Combien de kilomètres un chien peut-il parcourir en une journée ?
Un chien adulte en bonne condition physique d’une race sportive peut parcourir 25 à 40 km par jour avec des pauses régulières. Pour un chien peu entraîné ou une race moins athlétique, 10 à 15 km représente une bonne journée. Le signal d’arrêt : le chien ralentit, traîne en arrière, ou refuse d’avancer. Ne le forcez jamais à continuer au-delà de ses capacités.
Que faire si mon chien se blesse sur un sentier loin de tout ?

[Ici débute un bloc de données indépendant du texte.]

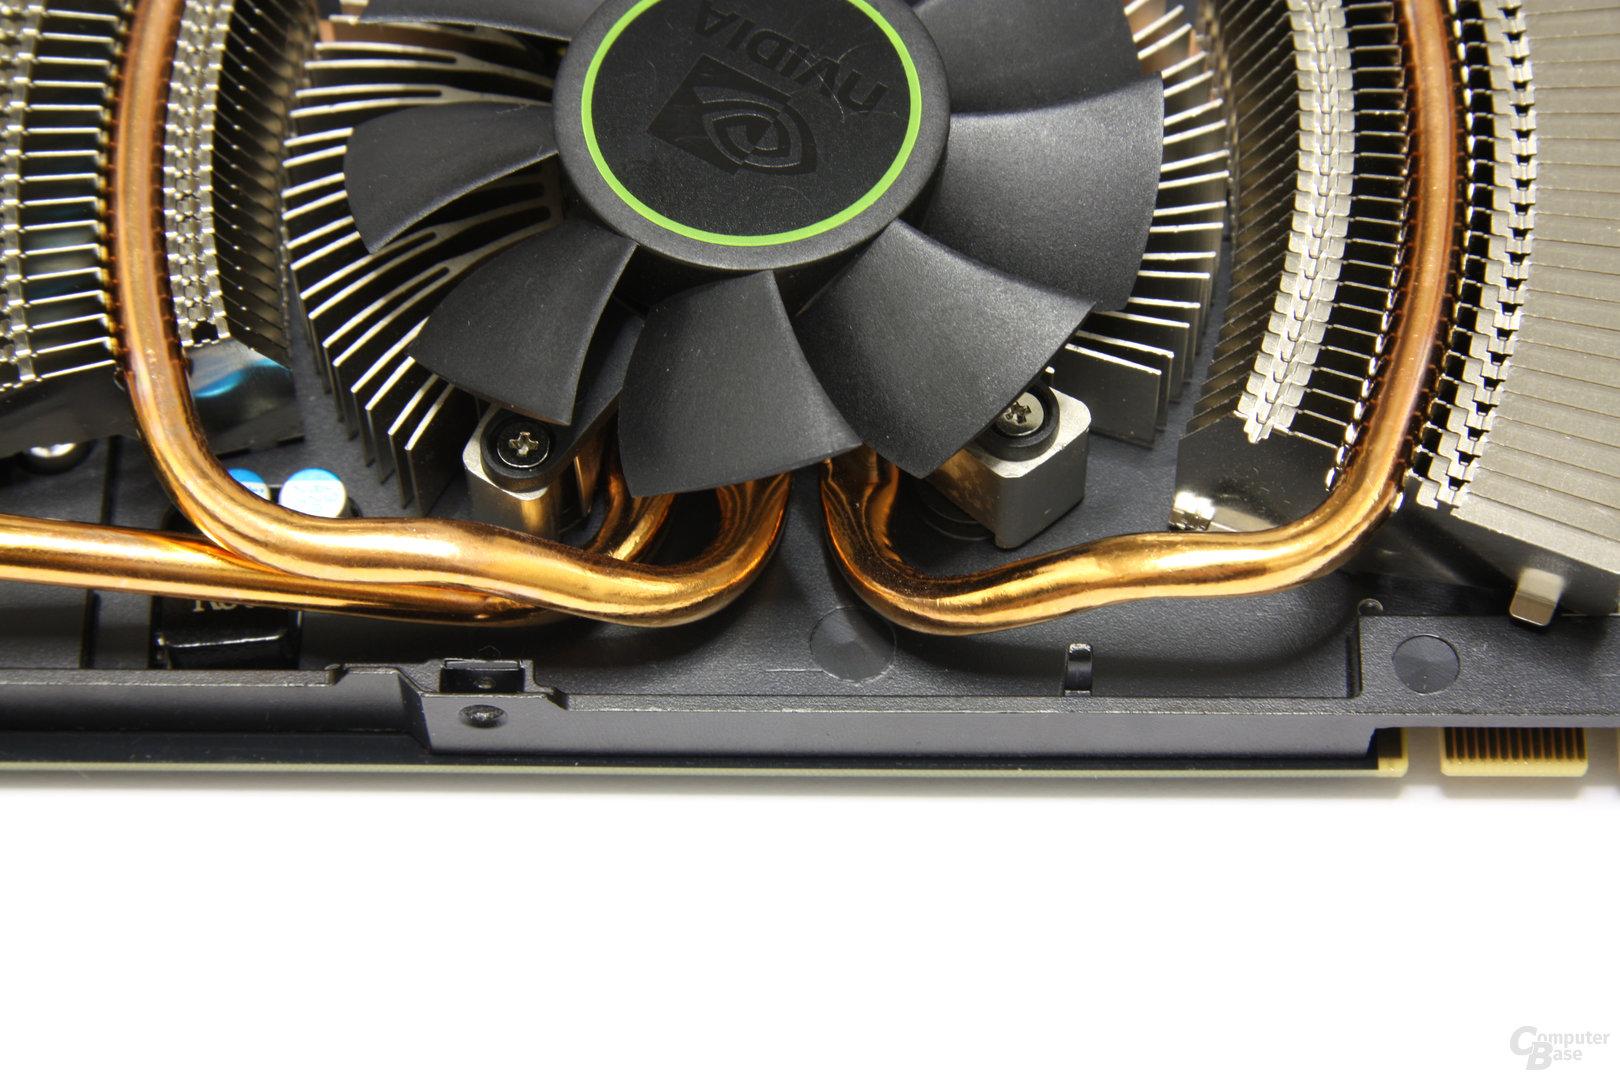 GeForce GTX 560 Ti Heatpipes

Restez calme et évaluez la blessure. Pour une coupure sur un coussinet, nettoyez avec le sérum physiologique de votre trousse, bandagez avec la bande cohésive et rebroussez chemin. Pour une fracture ou une blessure grave, immobilisez le membre avec ce que vous avez à disposition, portez votre chien si sa taille le permet, et appelez le vétérinaire d’urgence le plus proche. Avoir le numéro d’une clinique proche du lieu de randonnée sauvegardé dans votre téléphone peut faire gagner un temps précieux.

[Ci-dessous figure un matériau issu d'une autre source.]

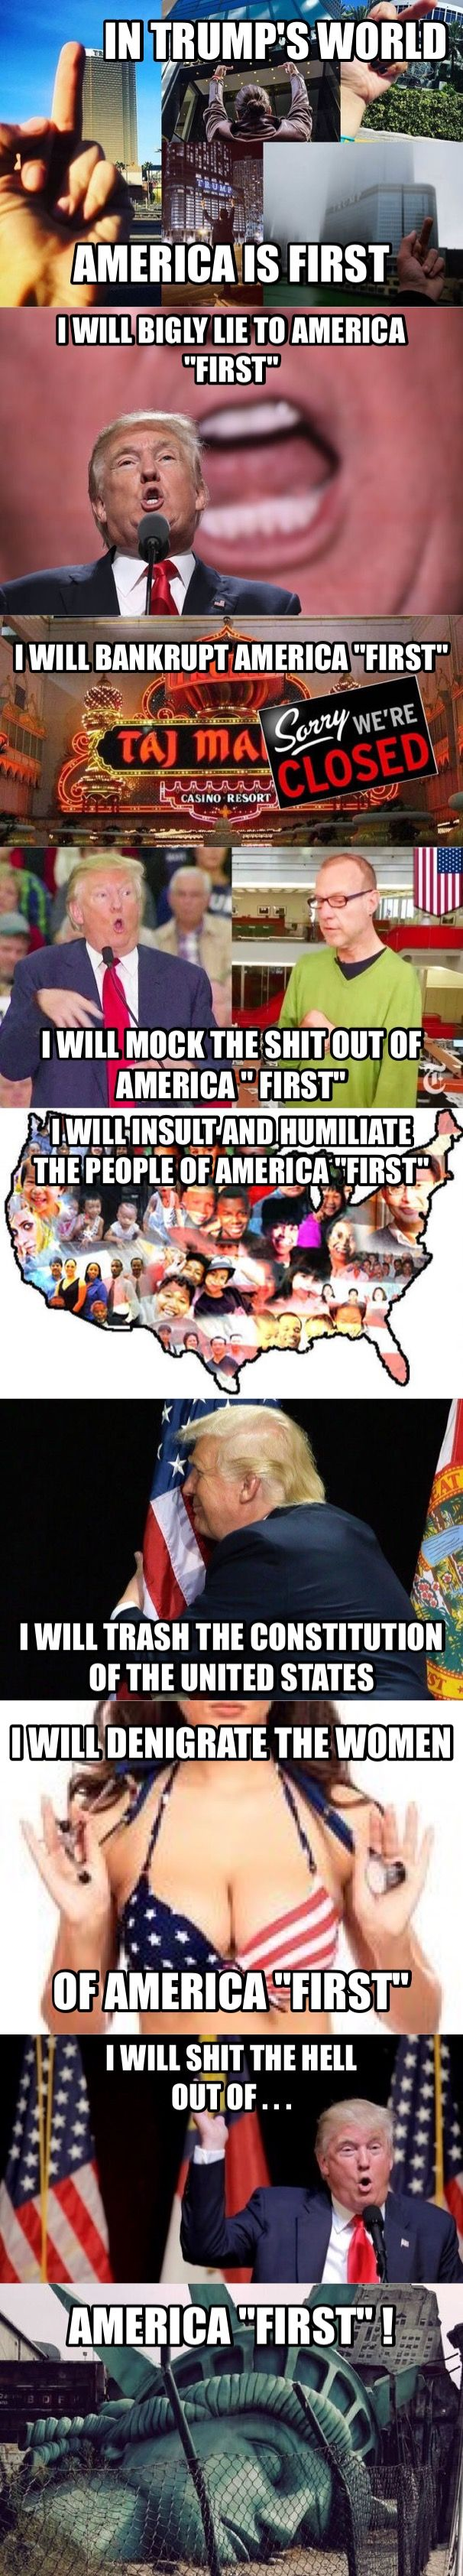 So Sickening!  #TrumpStoleit HE IS A ILLEGITIMATE PERSON AND A ILLEGITIMATE PRESIDENT!!! Pass it on!

Peut-on laisser son chien boire dans les ruisseaux ?
Avec modération et précaution. L’eau de ruisseau peut contenir des bactéries (leptospirose, notamment), des parasites (giardia) ou des algues toxiques (cyanobactéries en été). La vaccination contre la leptospirose est indispensable pour les chiens qui randonnent souvent. Évitez les eaux stagnantes et privilégiez les eaux courantes de montagne, moins contaminées. L’idéal reste d’emmener suffisamment d’eau pour votre chien.
Conclusion
La randonnée est l’une des activités les plus enrichissantes à partager avec son chien, à condition de la préparer sérieusement. Une progression physique adaptée, le bon équipement, le respect des règles locales et une vigilance constante face aux dangers naturels permettent de profiter pleinement de chaque sortie. Votre chien vous le rendra au centuple.